Crescendo

Sunday, January 18

Time 3.15 am

Expansion of time in relativity to the theory of relativity.

Reverberating echoes of haunts seems to have completely engulfed my mind.

I sit, I stare, I wonder, I race, I stop, I go blank.........

Lack of options......Lack of options......

Lack of options seems to have numb my mind which has crept through to me during the past few weeks and has transcended into my soul.

Making me Numb.

Numb to the feelings which looking to explode out of my heart, Numb to let down a person who's waiting to hear me, Numb to the world around me.........Numb to my own self.

Numb like a charcoal gray day.

Sliver of the ghostly white curtain moved to reveal the cold sky.......the sky, Gray...gray as hard beaten solid rusted iron.

Light is dark and forward is now reverse.

Movement of the world had ceased to exist and stillness surrounds me right now.

Like a stillness of a dead body of water.

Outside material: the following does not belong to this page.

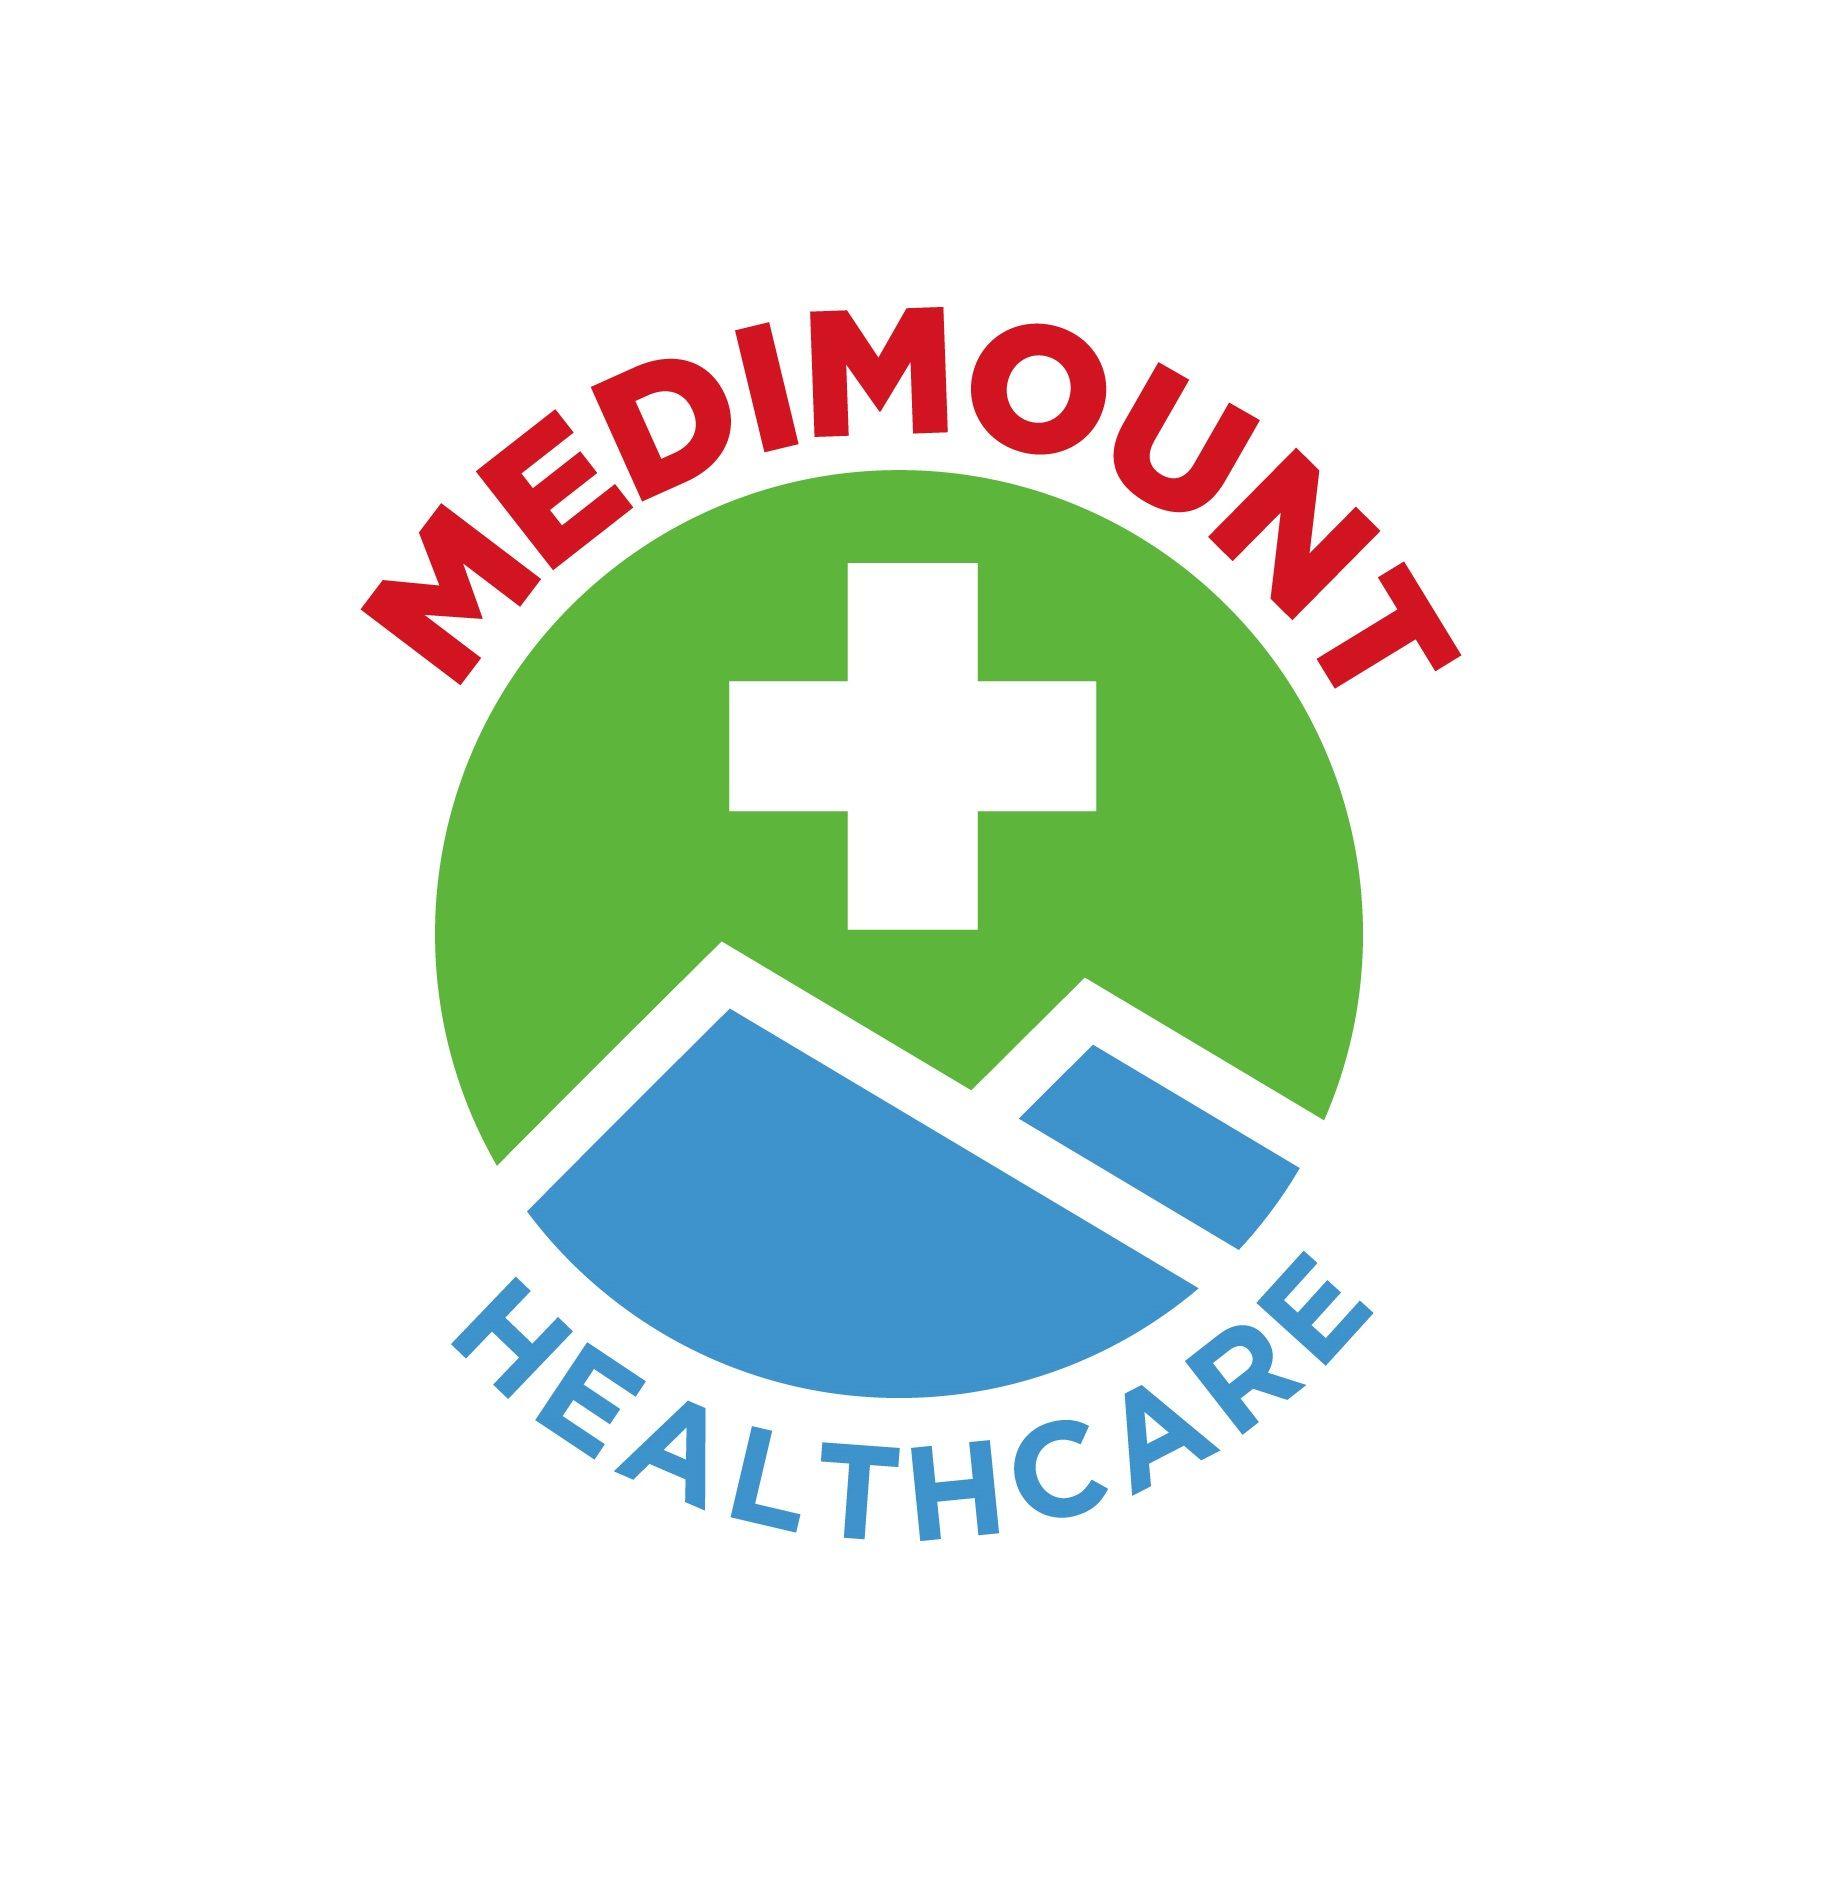 Medimount Healthcare

The ripples once which was so happily lapping on the shores of my heart has now toned down to nothing but trickles of emotions.

Emotions which now I find hard to express, emotions so dry as the sands of Sahara.

Millions and millions of silvery arrows of pain seems to penetrate me... I hold my head down to ease out the pain.

BUT, pain is pain...and hard lesson learned.... "you cannot get away from pain"

Time 3.16 am

Nano seconds seems to be hours, hours seems to be weeks, days seems to be Ions of light years.

Pain travels at the speed of light.

Theory of relativity explained..... the hard way.